Only an exact repetition of the lines from the one holding "Obálka pro K" to the end of the data is wanted, with pictures left out.

▶ _Raw data_
□ □ □ □ □ □ □

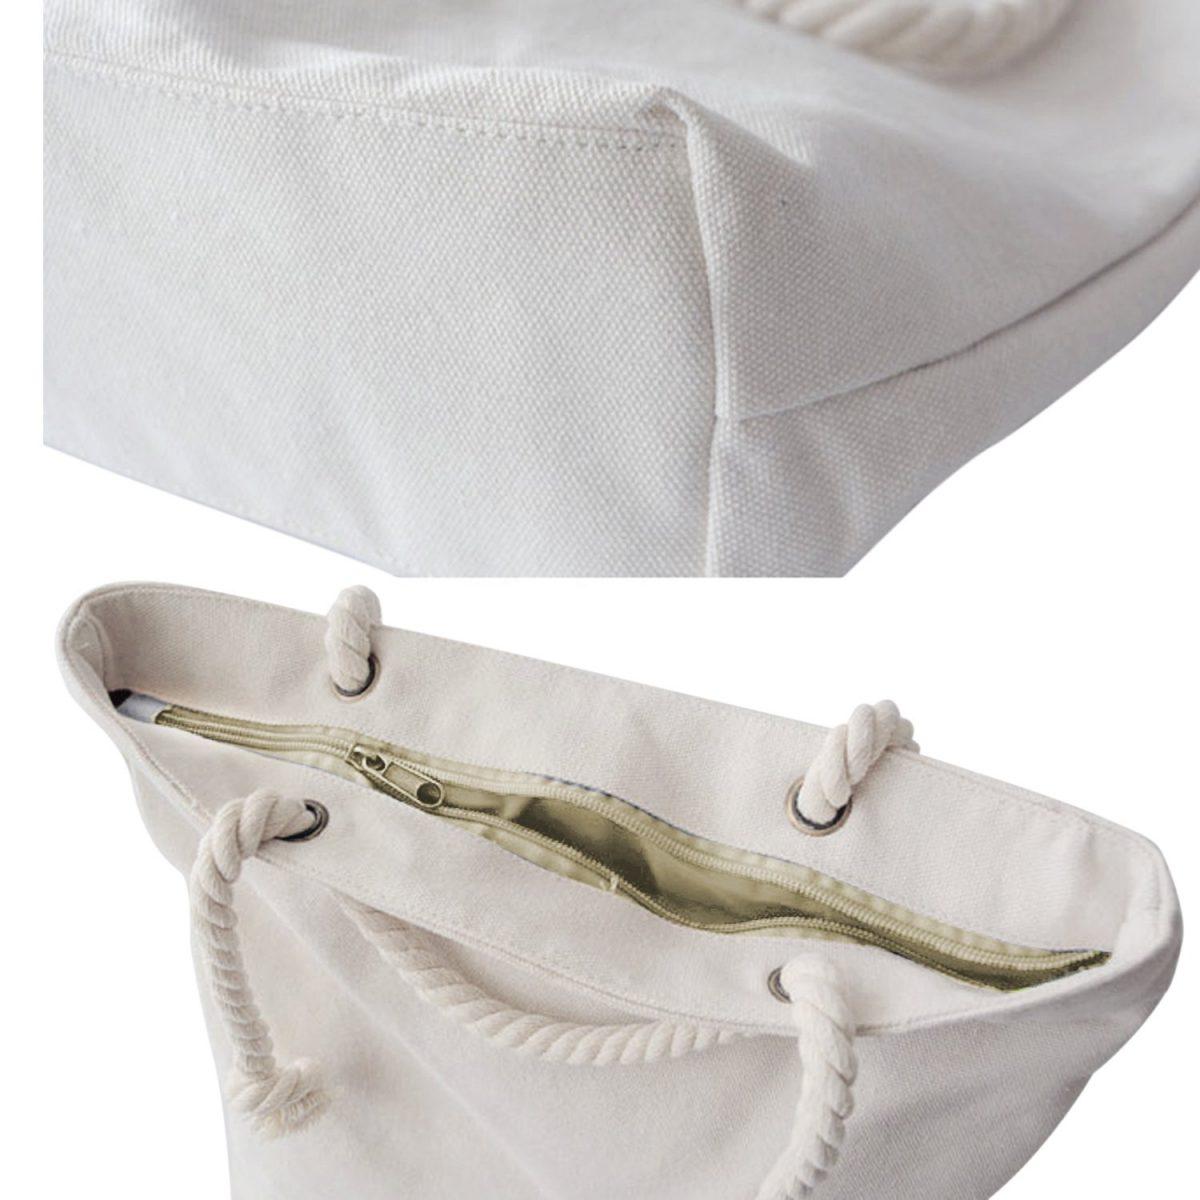 Modern Mermer Görünümlü Dijital Baskılı Bez Kumaş Çanta Realhomes
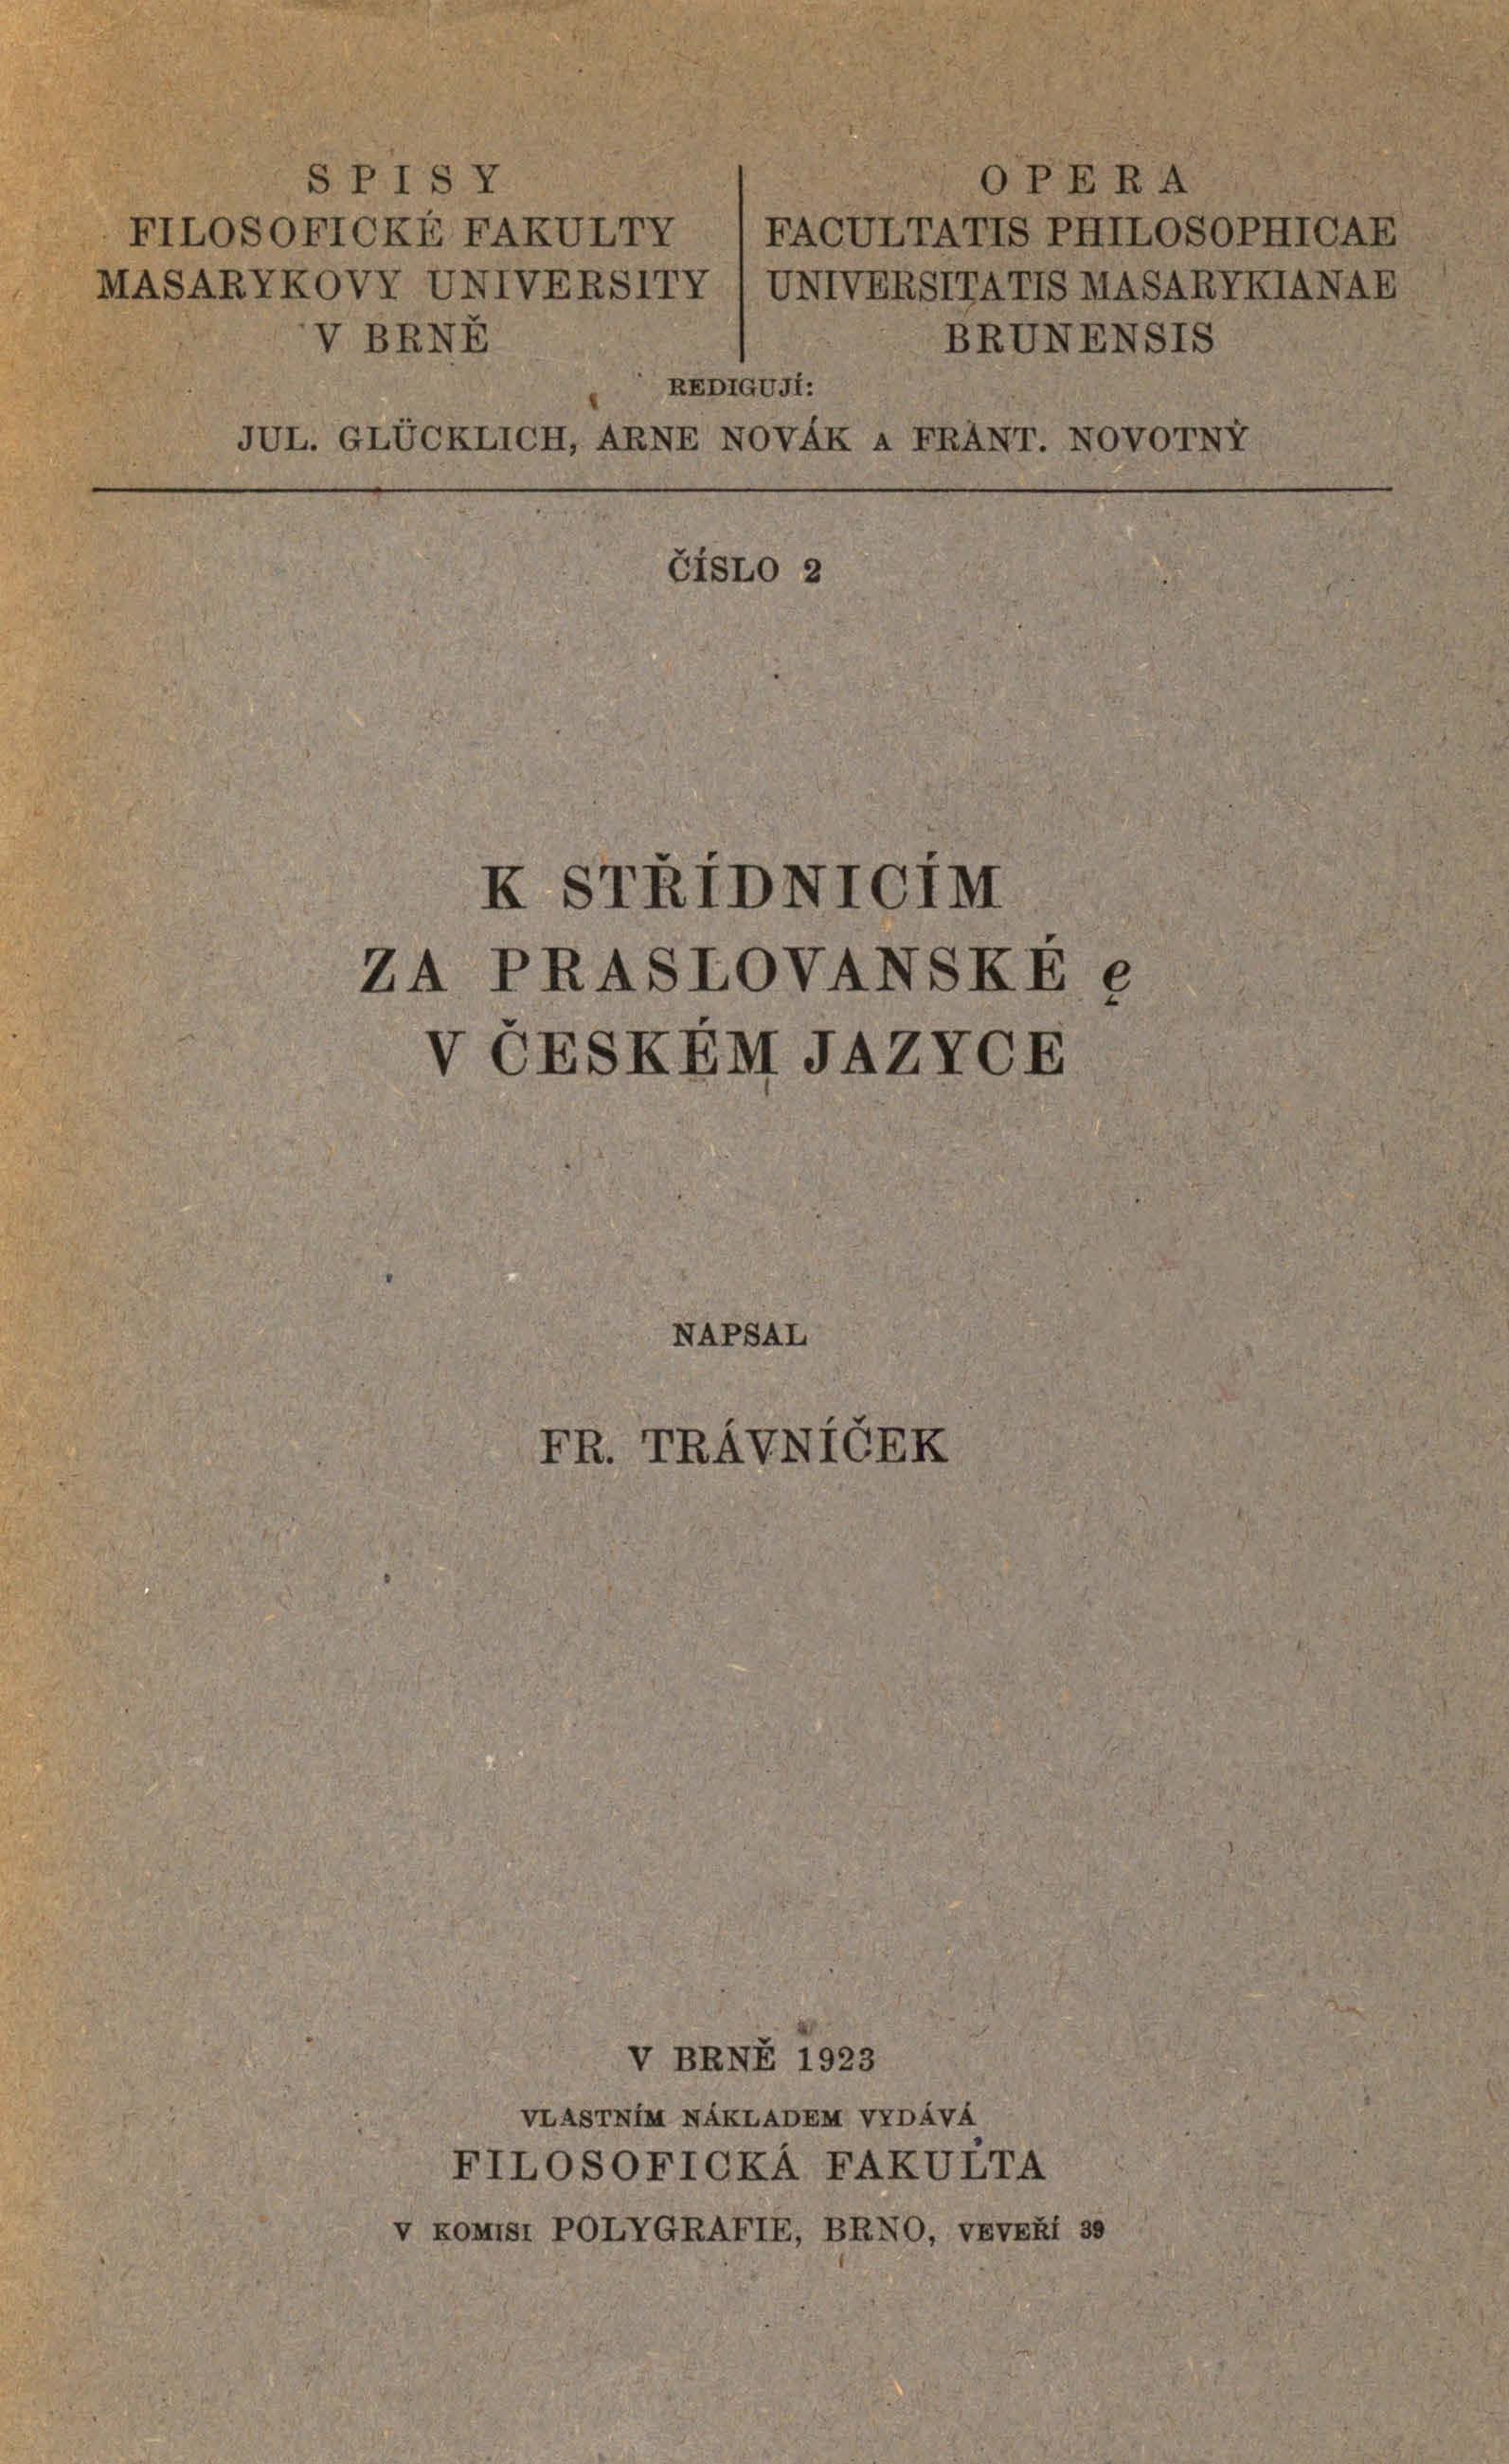 Obálka pro K střídnicím za praslovanské ę v českém jazyce
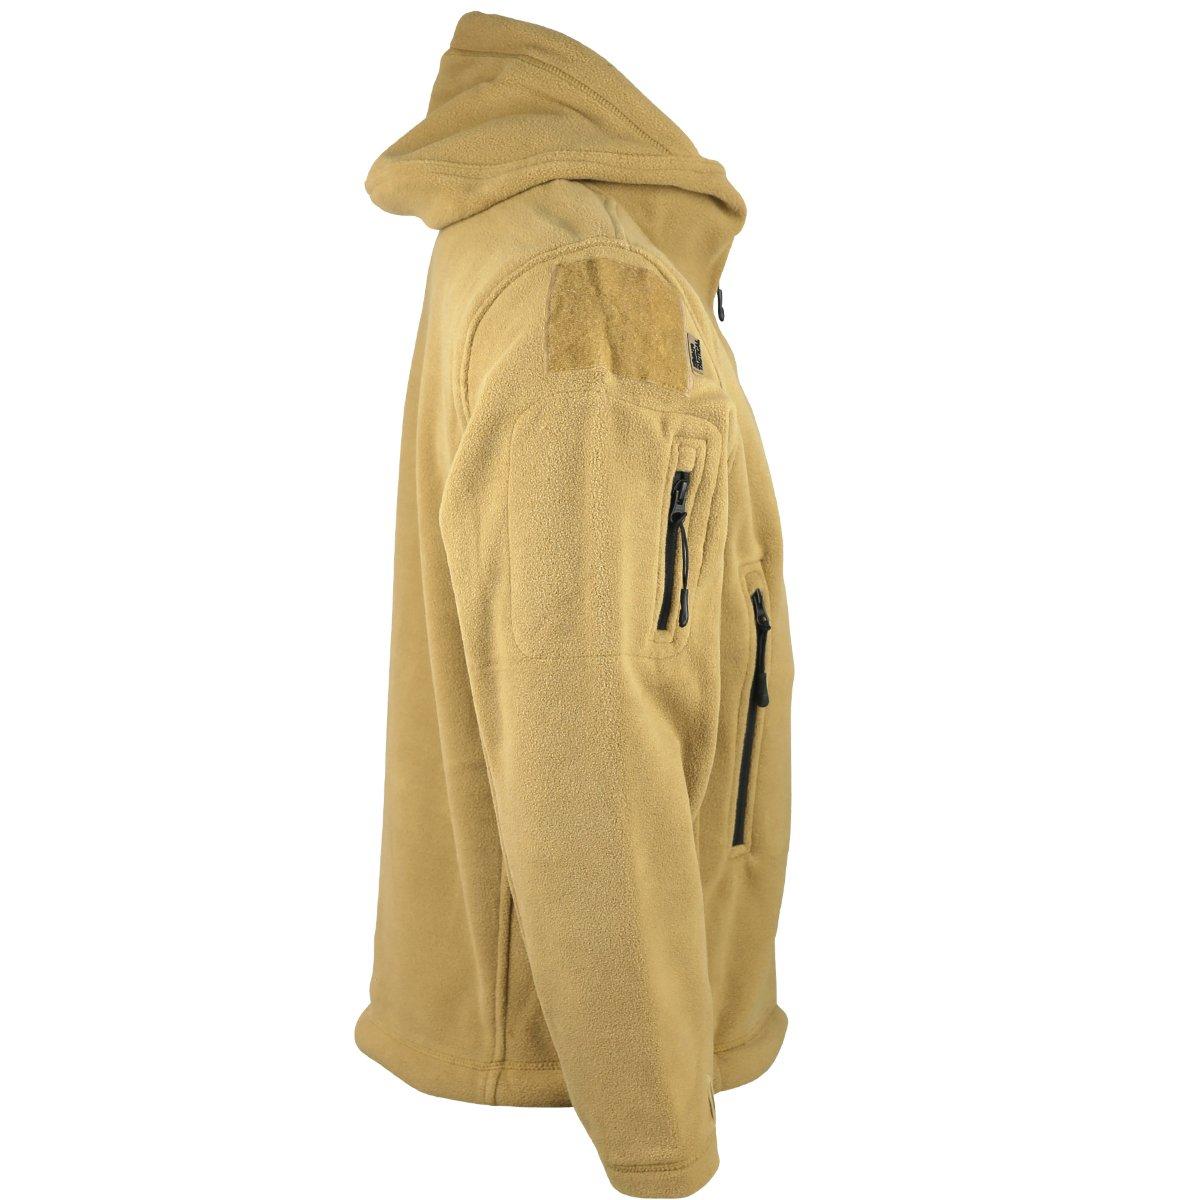 Kombat UK Recon Tactical Fleece Hoodie B01EN7Q4E6 Jacken Tragen Tragen Tragen Sie Ihr Grünrauen f9821f

□ □ □ □ □ □ □

▶ _Answer for this exercise_
 Obálka pro K střídnicím za praslovanské ę v českém jazyce
 Kombat UK Recon Tactical Fleece Hoodie B01EN7Q4E6 Jacken Tragen Tragen Tragen Sie Ihr Grünrauen f9821f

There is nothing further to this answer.